My two cents.
The most difficult thing in photography in the digital age is picking which ones to keep. Take a look at the photographers of National Geographic, they take tens of thousands of images for a singe shoot, and might get anywhere from a half a dozen to 20 images chosen by the editors. The editors look at all the images - not just the ones that the photographer chooses. Some of us have spoken about one particular Geographic photographer Joel Sartore
Joel Sartore Photography who was being filmed for PBS when the editor - sort of asked why did he take so few photos this time (a several week trip to Alaska) - he only shot 700 rolls of film (he has since gone digital). That was a much smaller number compared to the last article (around 950). 700 rolls of 36 shot slide film (no PP at all thank you very much) is 25,200 images as opposed to 34,200 images. These are the images that he sent in - the rejects never crossed the door.
However, Geographic’s rules on image use is that they only put the ones they publish into their archives, the photographer holds the copyright, the images are Geographic’s to use for one year after publication before the photographer can show them and any image not chosen can be used at anytime by the photographer. Look at his site - you will find many images that never graced the pages of NGM and are some of the best wildlife images around.
As for how many images are keepers? I took around 1,800 images on my vacation in Dec 06. I will keep most of them, 8 of the 12 images I have on the Pentax Photo Gallery are from this vacation and I have only converted about 240 images - some of my favorites are still in their RAW state.
PENTAX Photo Gallery
I have over 700 images from my NG Workshop in Santa Fe in 05. The routine was to shoot a minimum of 3 rolls of 36 frame slide film per day. I used both digital and film. The selection process was - lay out all the images and pick the 20 best, have the instructors add/subtract images and other participants could suggest also. Then from the 20 - pick the top 5. Then the instructors and participants go into a room and select one image (sometimes two or three) from each student. So, at the end of the week each participant had 5 images that everyone voted on as being the best. That's 5 images out of a minimum of 540. Small numbers of "keepers" any way you look at it. My wife and I spent this last weekend in Victoria BC and by accident we stumbled on the Northwest Deuce Day – 700+ 1932-1936 Ford Deuce coupes and other hotrods. I restrained my self and only shot a about 150 images, after all it was a vacation getaway with my wife – not my camera. I have about 100 interesting images of cars, paint, some rust, motors and chrome. Will I keep all of them – yes – for the memories not for the quality - or quantity - of the images.

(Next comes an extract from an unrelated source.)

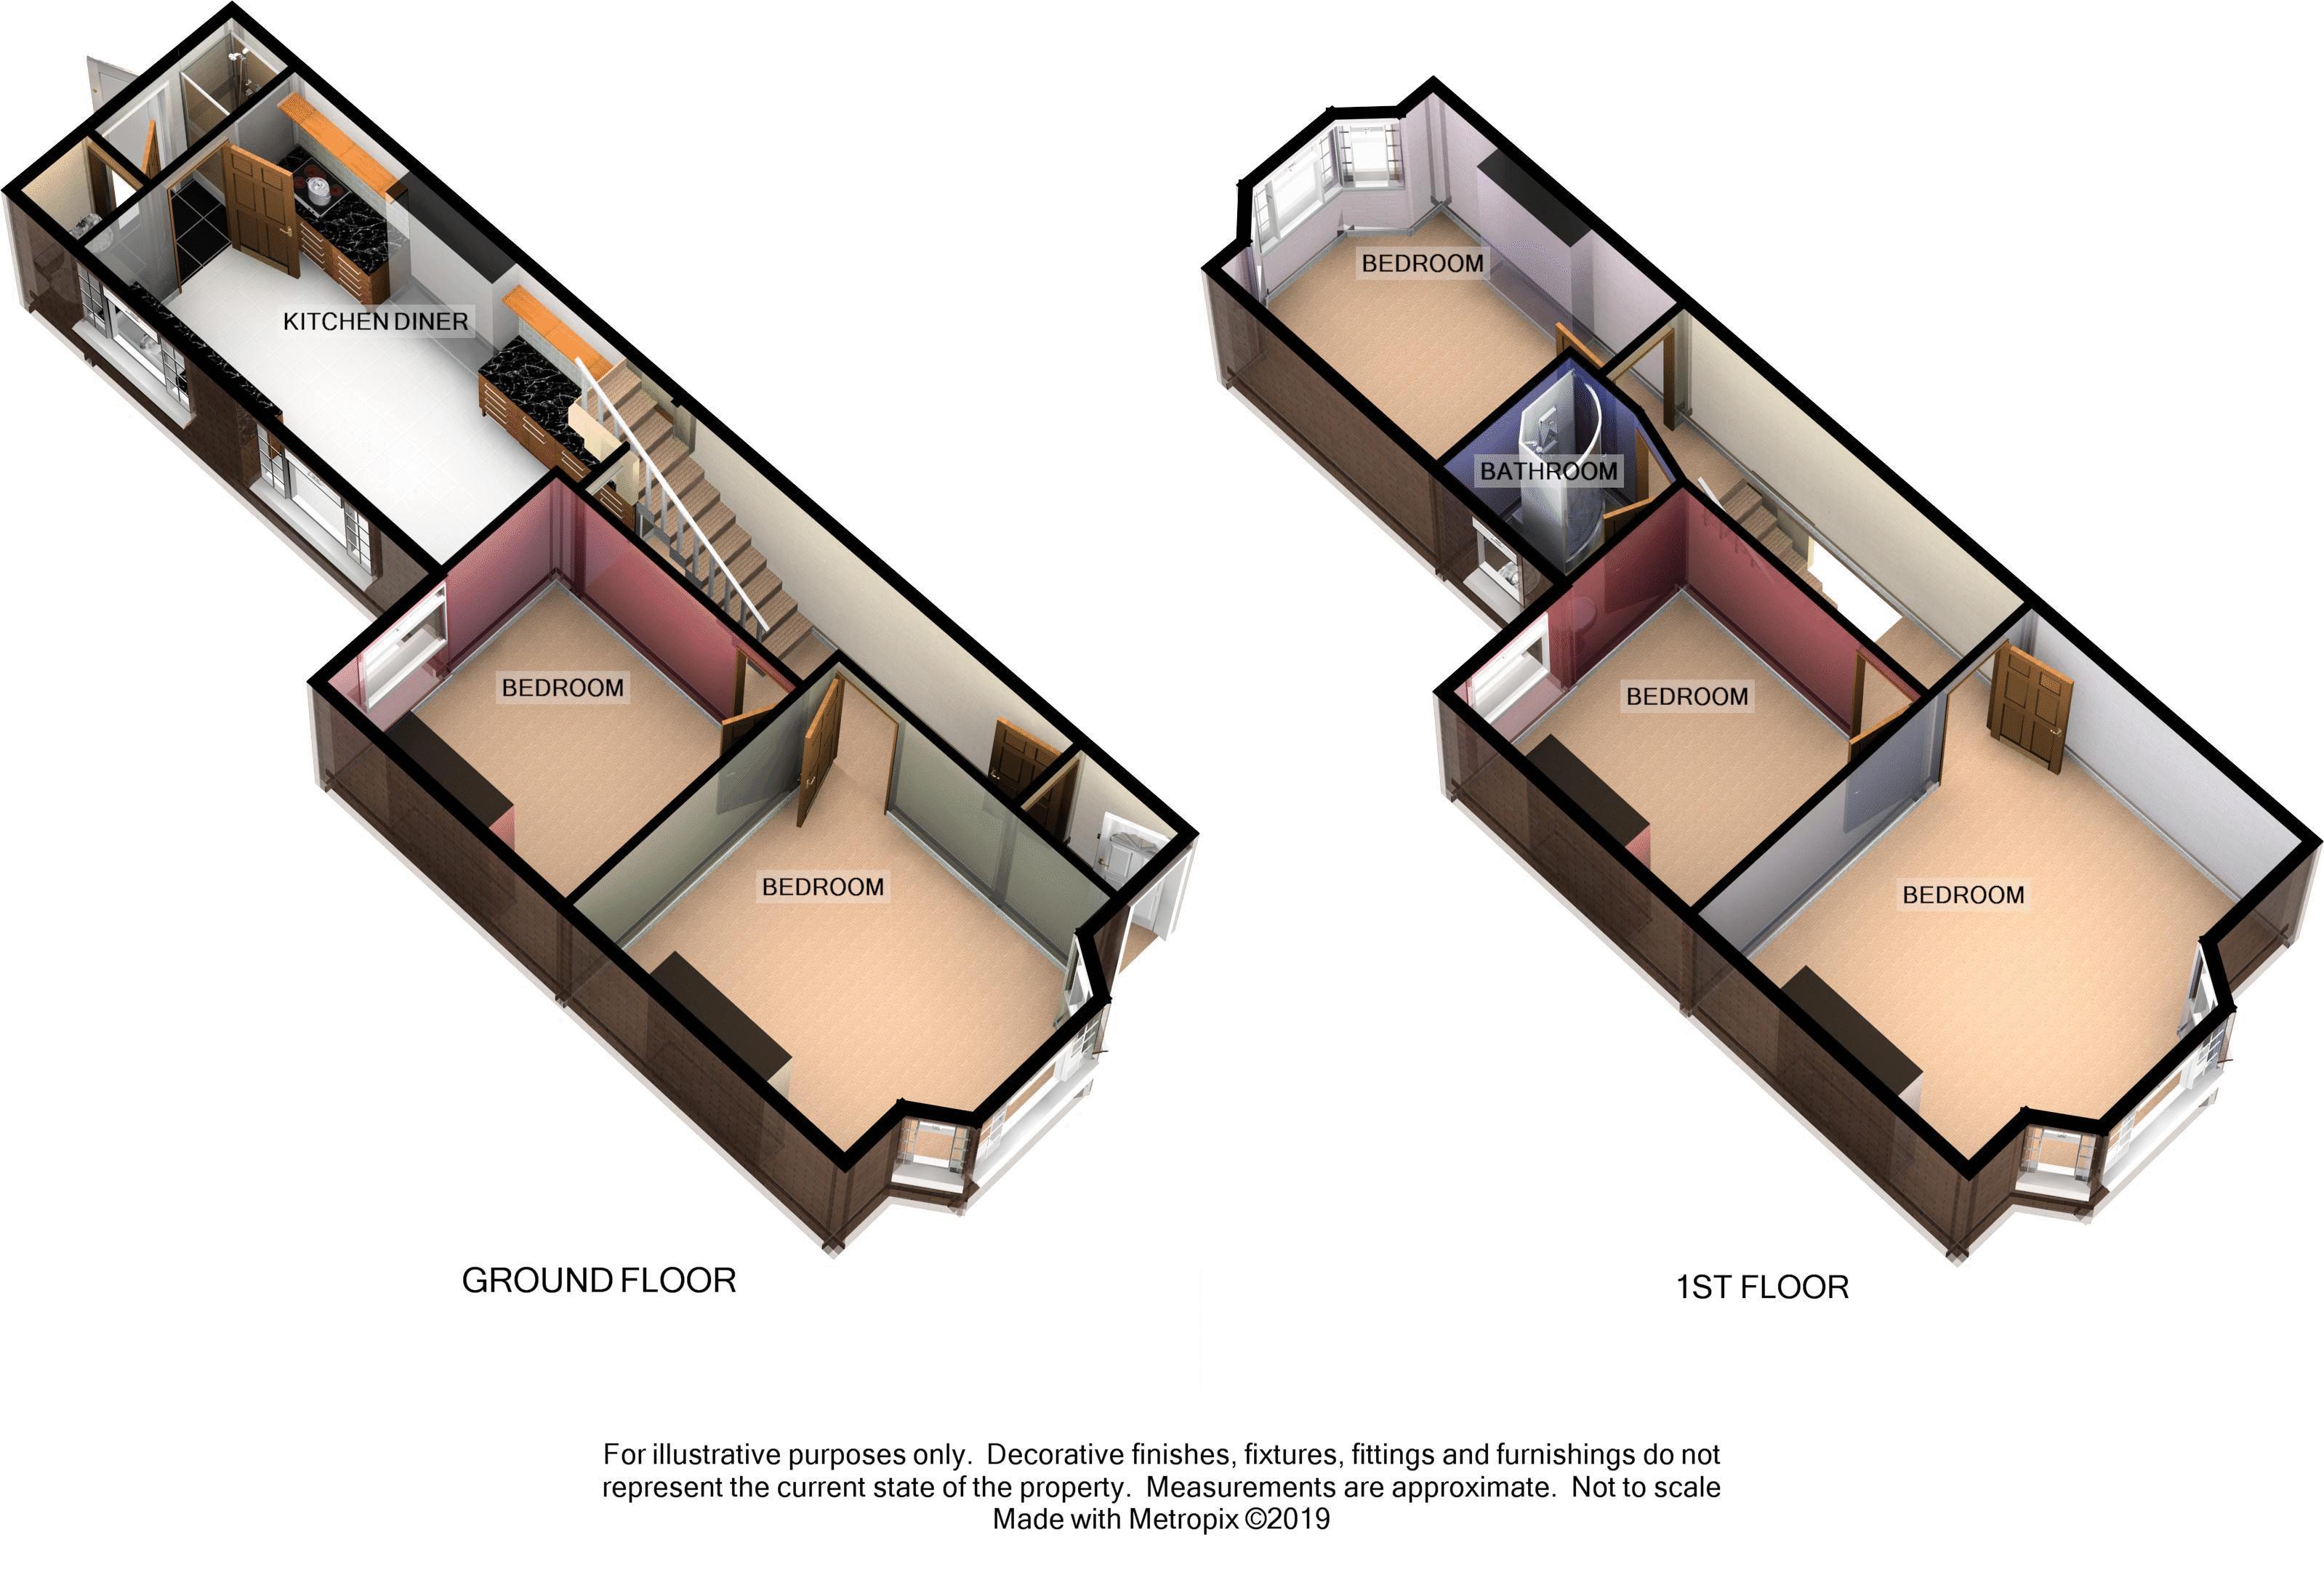 Monks Road, Exeter floorplan
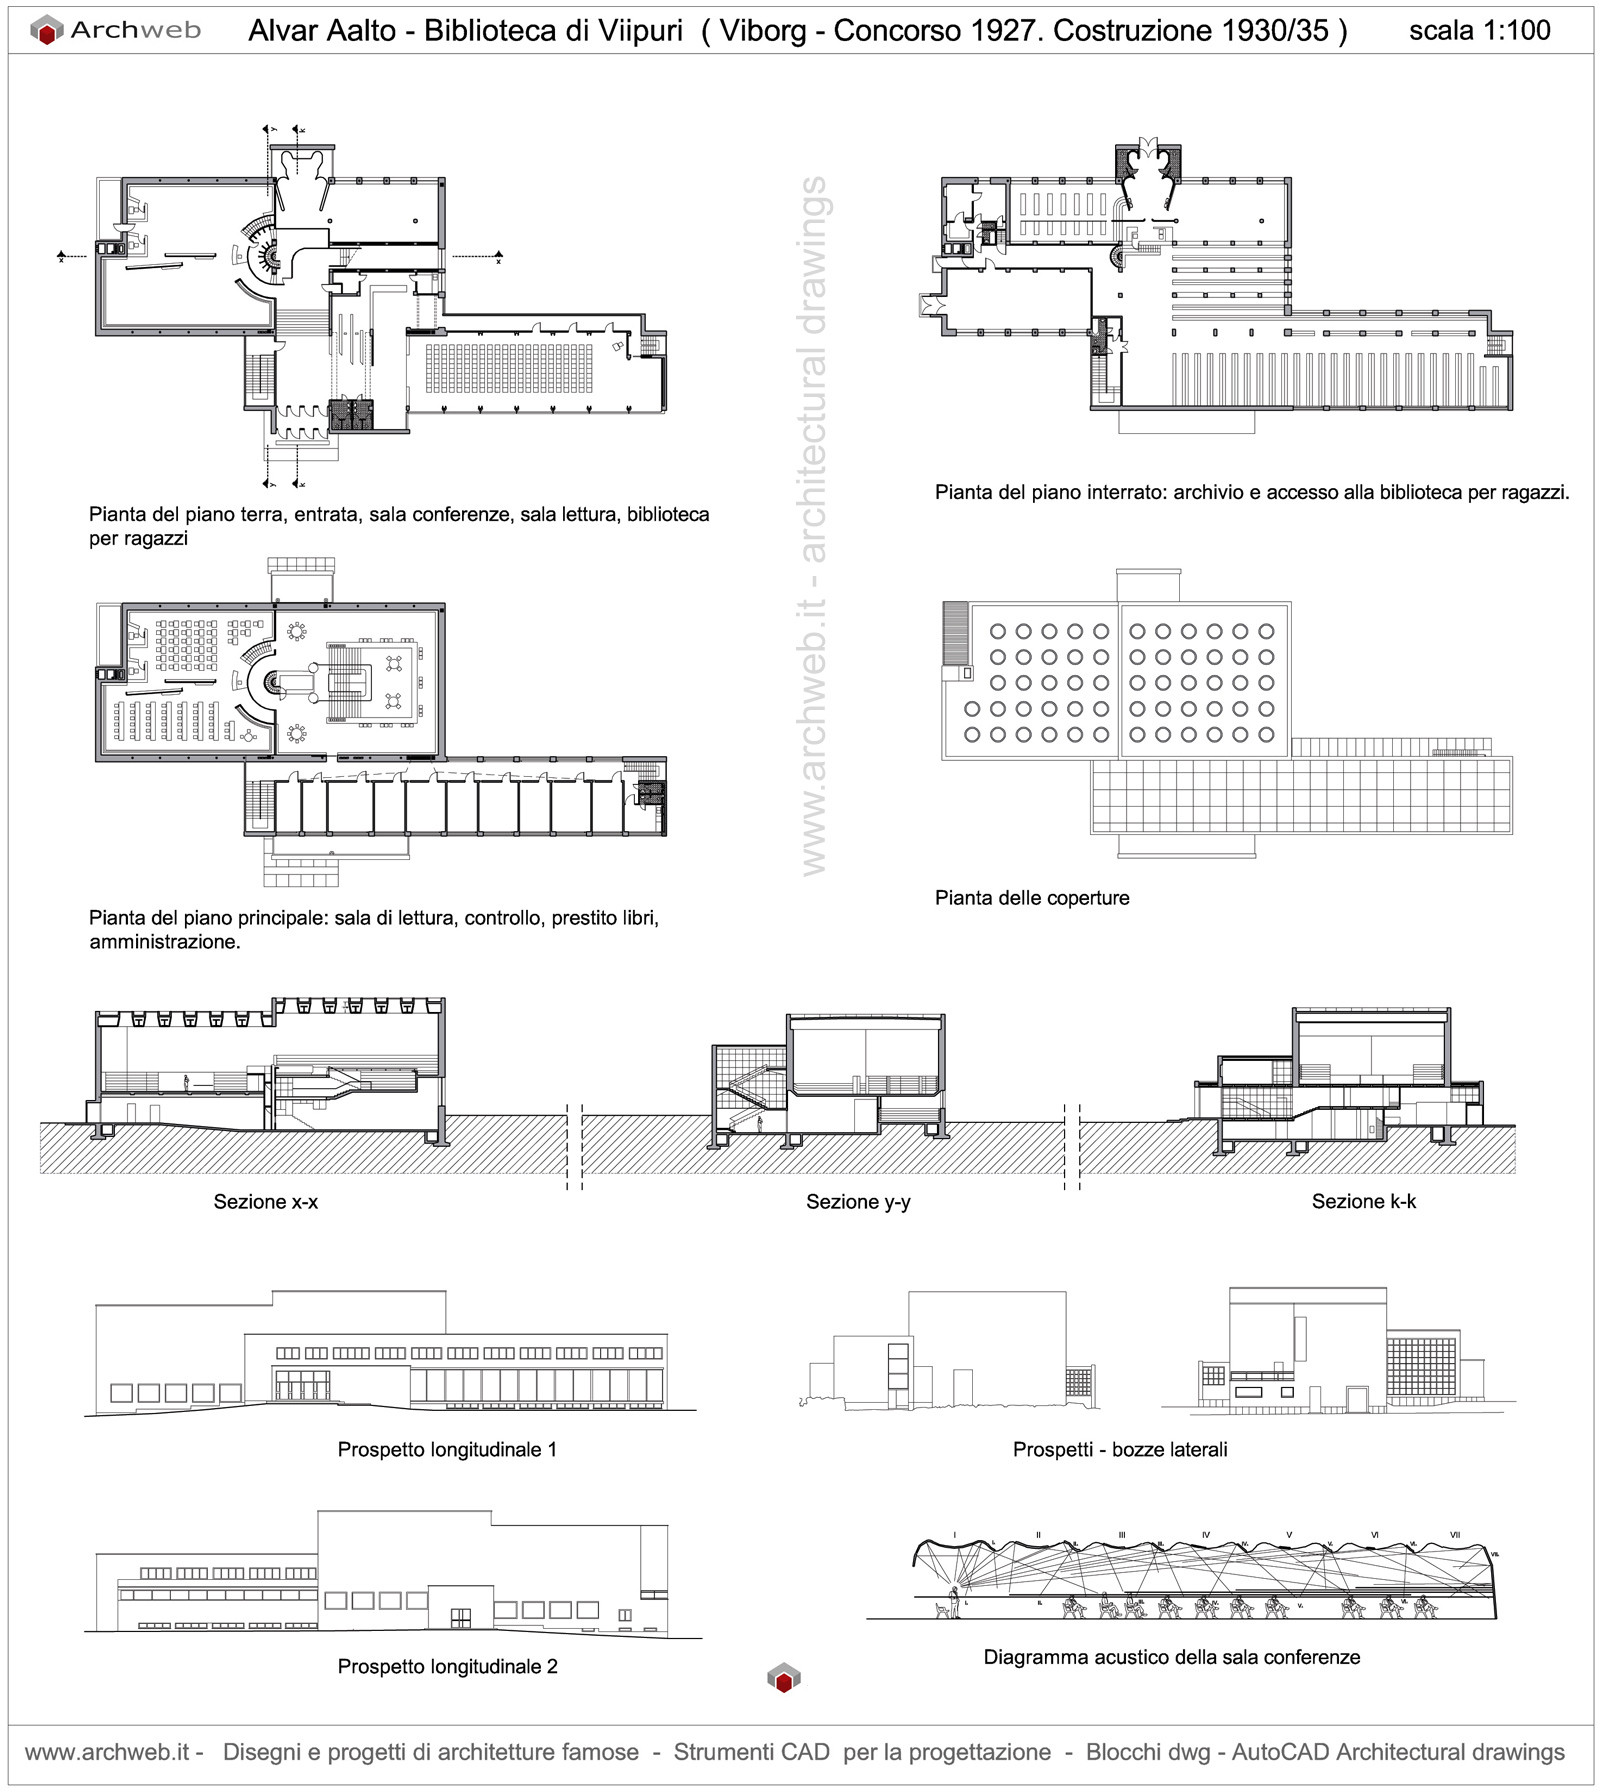 Escuela Ghana as well Id F 1230988 besides 2605366716 besides 503823d428ba0d599b001067 Ad Classics Muuratsalo Experimental House Alvar Aalto Photo as well Viipuri library drawings. on alvar aalto

Remember, before motor drives - when real photographers had huge thumbs, or carried 4 frames of cut film around for their SpeedGrafix - photographers were capturing "the moment" just fine thank you very much. High fps, high ISO and fast zoom lenes do not make up for knowledge, skill and understanding of subject matter. Ansel may have been happy with 12 good images a year - but his sensor was 8x12 inches and his PP per print was measured in hours - that is not the same a filling a 4GB card as fast as you can drain a battery.
My issue is not taking images - it is the editing. I suggest that you find someone who will be brutal but honest. Find someone who will tell you – why it s*cks – ADF (Any D*mn Fool) can tell you it s*cks – but to make sense of why – that is what editing is all about. Try to tell a story with the images - do not just throw up (literally and figuratively) random shots. Build slide shows - 5 seconds per image and simple fade in fade out transitions. Do not rely on family members to give you an honest opinion - they will not want to ruffle your feathers or push you into places you have never been.
The late John Szarkowski (curator of photography MOMA NYC) said it best:
"The truth is that anybody can make a photograph.
The trouble is not that photographs are hard to make.
The trouble is that they are hard to make intelligent and interesting.”